Ya hemos dicho que la modernidad instala al discurso científico en un lugar destacado, en un proceso muy relacionado con la desacralización de la naturaleza. Junto a esto también se consolidará la diferenciación entre el orden natural y el orden humano.
La indagación científica sobre la naturaleza tendrá, en este contexto, un carácter fuertemente instrumental, esto es, orientado a fines prácticos. La industria, el comercio y en general las actividades económicas harán un uso intenso de los resultados de investigación, en la medida en que permiten implementar nuevos procesos productivos o producir nuevos bienes, con el consiguiente beneficio económico y también en la satisfacción de necesidades de las personas, beneficios ambos que, cabe señalar, se distribuyen muy desigualmente entre los grupos sociales. La imagen de la ciencia como una fuente de poder se vincula con estas cuestiones.

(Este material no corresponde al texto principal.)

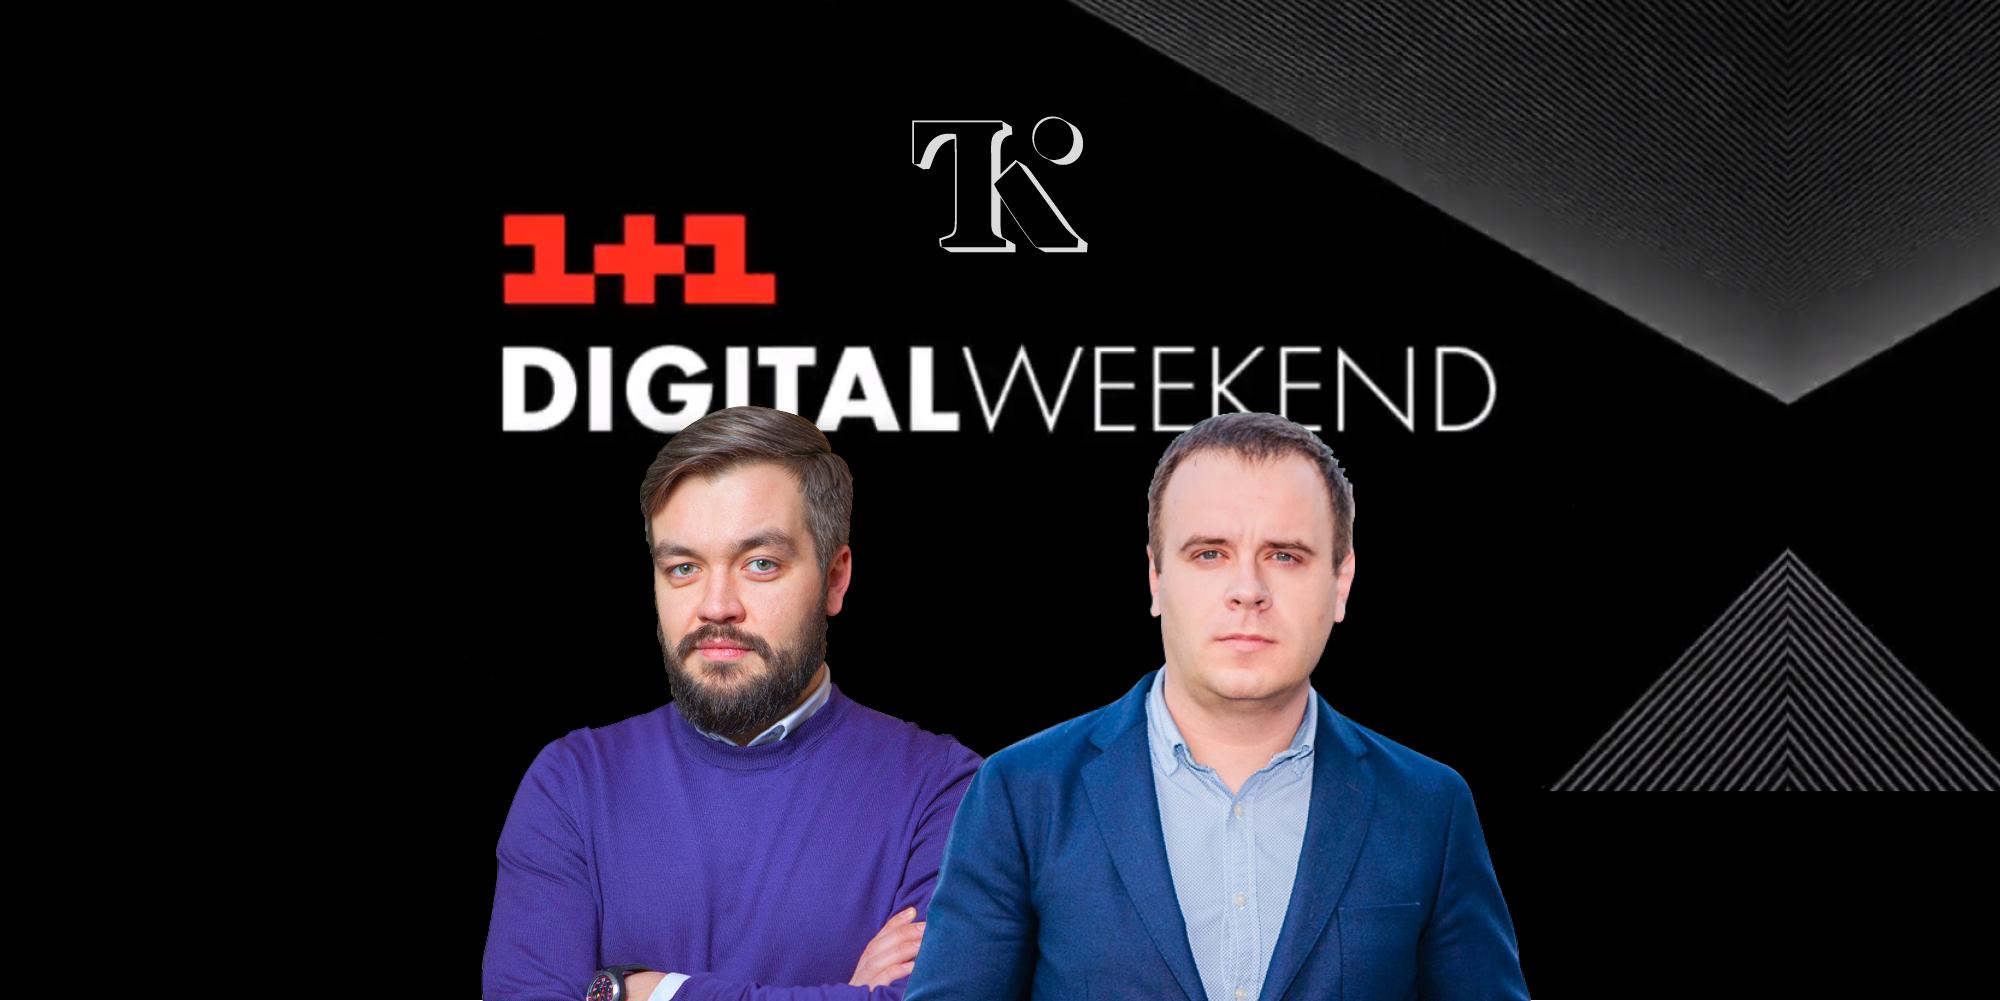 YouTube – не волшебная пилюля: мастер-класс от специалистов 1+1 Digital
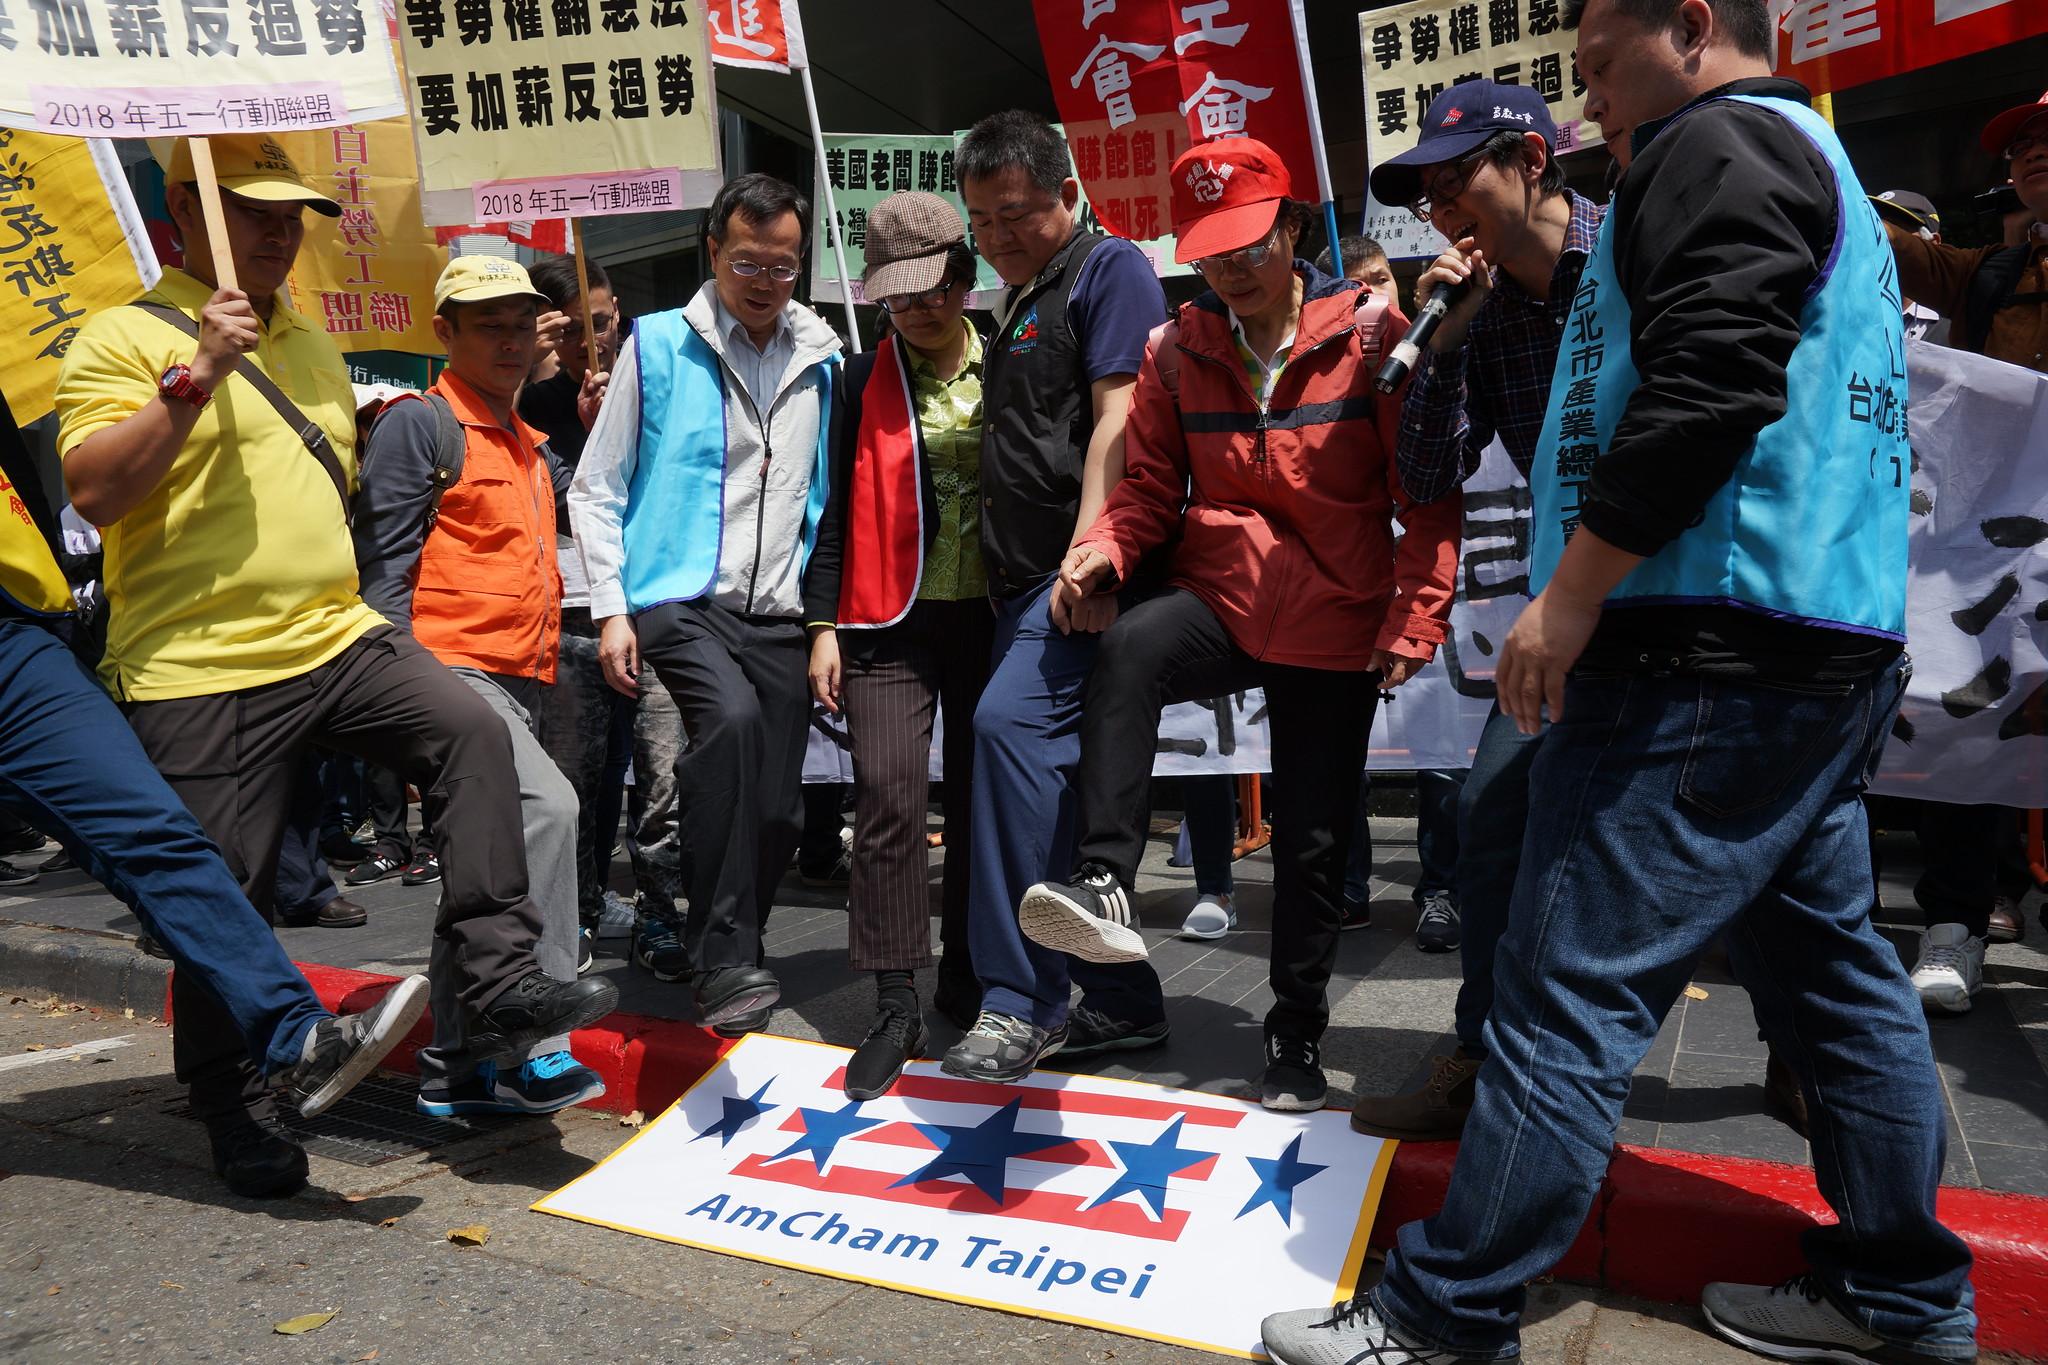 勞團踩破寫有台北美國商會(AmCham Taipei)字樣的看板。(攝影:王顥中)

El desarrollo tecnológico resultante de los avances científicos se incrementó paulatinamente, y permitió un creciente uso y manipulación de la naturaleza. Los elementos que se extraen de ella son transformados en productos que circulan como mercaderías y dan lugar al desarrollo de actividades económicas y la generación de ganancias. Luego de ser utilizados o consumidos, de diversas maneras y con distintas características, estos elementos vuelven a la naturaleza, que cumple entonces otra función, la de repositorio de desechos.
Si observamos este proceso poniendo en foco a la naturaleza, veremos que es causa de una profunda alteración o transformación de la misma, que ha llegado a niveles impensados escaso tiempo atrás. Prácticamente toda la superficie del planeta ha sido puesta en función de estos procesos y participa en ellos de diversas maneras: como proveedora de elementos (minerales, forestales, etc.), como recurso para la obtención de otros productos (suelo agrícola), como lugares para recibir desperdicios (fondo del mar, aire, áreas desvalorizadas).
Esto ha provocado reacciones negativas crecientes entre la población mundial; en particular a partir de la década de 1960 y en fuerte relación con el peligro nuclear, las amenazas de agotamiento de los recursos y los crecientes niveles de contaminación, lo que en un primer momento se denominó “conciencia ecológica” fue creciendo y generando un contexto de crítica y rechazo frente a esta situación, con propuestas de resolución por cierto muy disímiles (sobre las características de los movimientos ecologistas, puede consultarse, entre otros, Ballesteros y Pérez Adan, 1997). Las condiciones de la naturaleza se convierten, de este modo, en un problema social.
La manipulación de la naturaleza y su instrumentalización en función de las actividades económicas, al mismo tiempo, sustentaron también un orden social y económico que fue consolidándose junto con ella, el capitalista. El trabajo humano aplicado a la manipulación de elementos naturales se convirtió en una fuente de valor cuya desigual apropiación y distribución fue la fuente de la acumulación de capital, capital que, en parte, se reinvirtió para reforzar este proceso. Los procesos productivos se fueron especializando, alejando al trabajador del producto de su trabajo, en pro de la mayor productividad. El desarrollo conllevó bienestar para una parte de la población, pero no para todos. Este fue otro frente de insatisfacción y conflicto, claramente social.
En esta apretada síntesis, no deberían dejar de mencionarse las dimensiones políticas implicadas en la apropiación y uso de la naturaleza. Los conflictos por el acceso y control de los recursos naturales, en cualquier nivel escalar, son la manifestación más evidente de esta cuestión.